Racetracks campaign for slots as budget solution
Rep Tobin wants permanent casino gambling at racetracks, including our own fairgrounds, to address the dearth of state revenues, and sets this up as the alternative to temporarily raising the sales tax. The industry estimates that this might bring in close to half a billion clams to state coffers in 2012. That of course does nothing about the problem we have right now, and Joanna's story leaves out the actual budget gap of over two billion and rising.

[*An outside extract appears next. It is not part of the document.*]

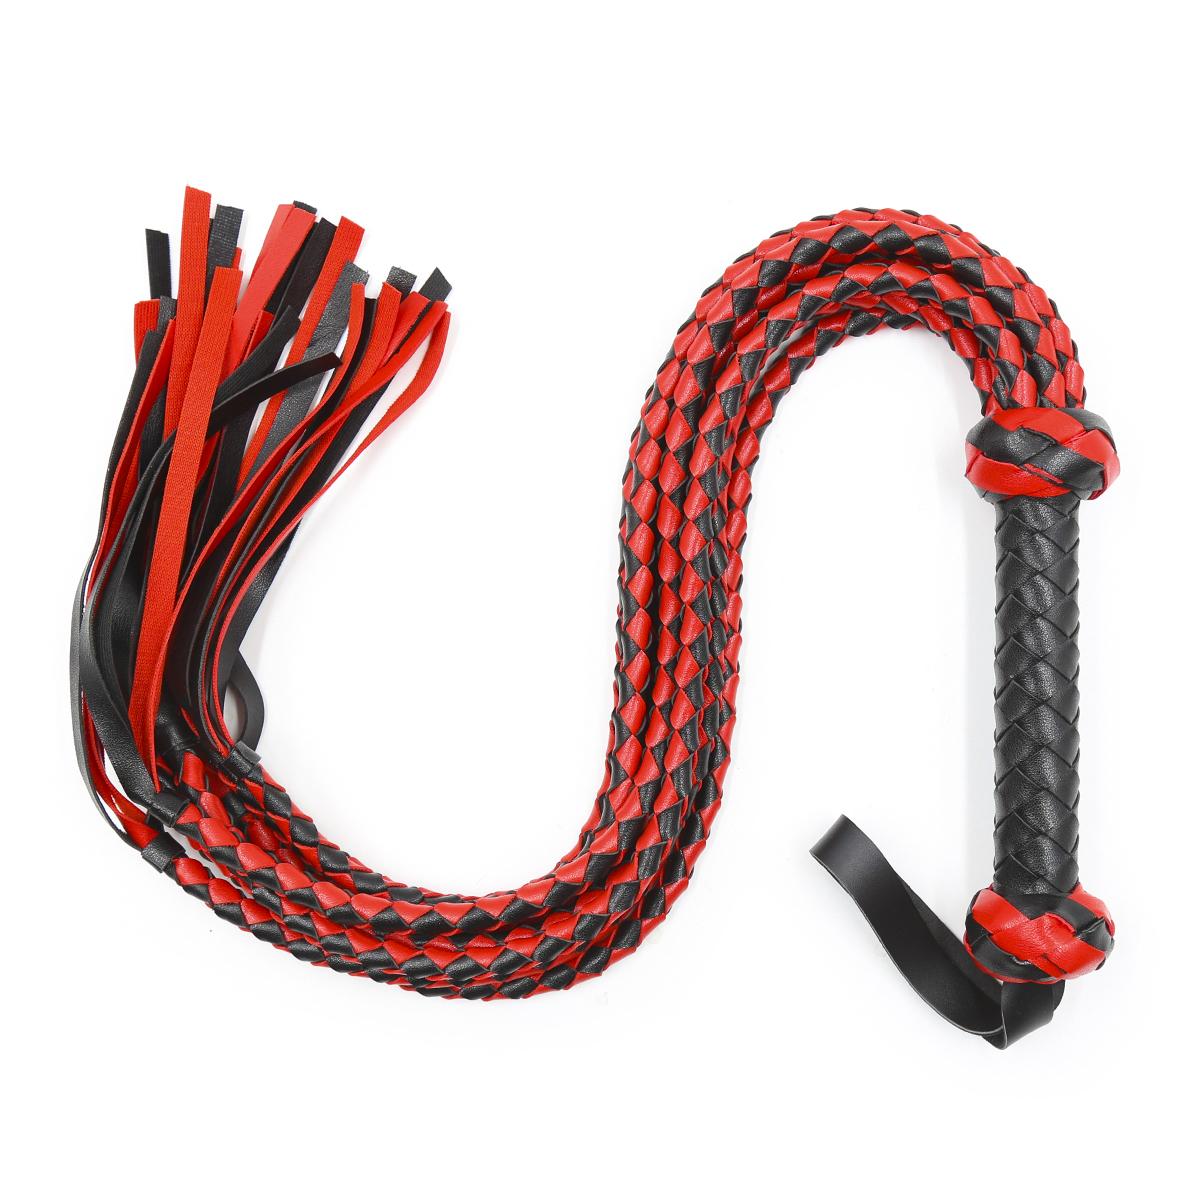 Weaving Pu Leather Whip Multiple Black And Red Braided Rope Sm Bondage Flogger

Expanded gambling looks like free money to Mr Tobin, and to a large extent I suppose it is, since local rather than state authorities will be left to pick up the tab for the resulting societal problems. But more to the point, it would allow the Legislature to look like it's doing something about revenues without taking on the structural problems that got us here in the first place. Neither gambling nor a temporary sales tax will fix the deficit, that's a false dichotomy. The gorilla in the room is residential property taxes, among the lowest in the nation, designed to promote unsustainable growth in housing.
Like any other homeowner I'm not wild about paying more in property taxes. But I'm also unhappy about what's happening to the state and my community as a result of our collective unwillingness to provide the funds necessary to maintain quality of life. More gambling and its social impacts reduce quality of life for all of us, and sends truckloads of cash out of state to shady interests. We should make a better choice.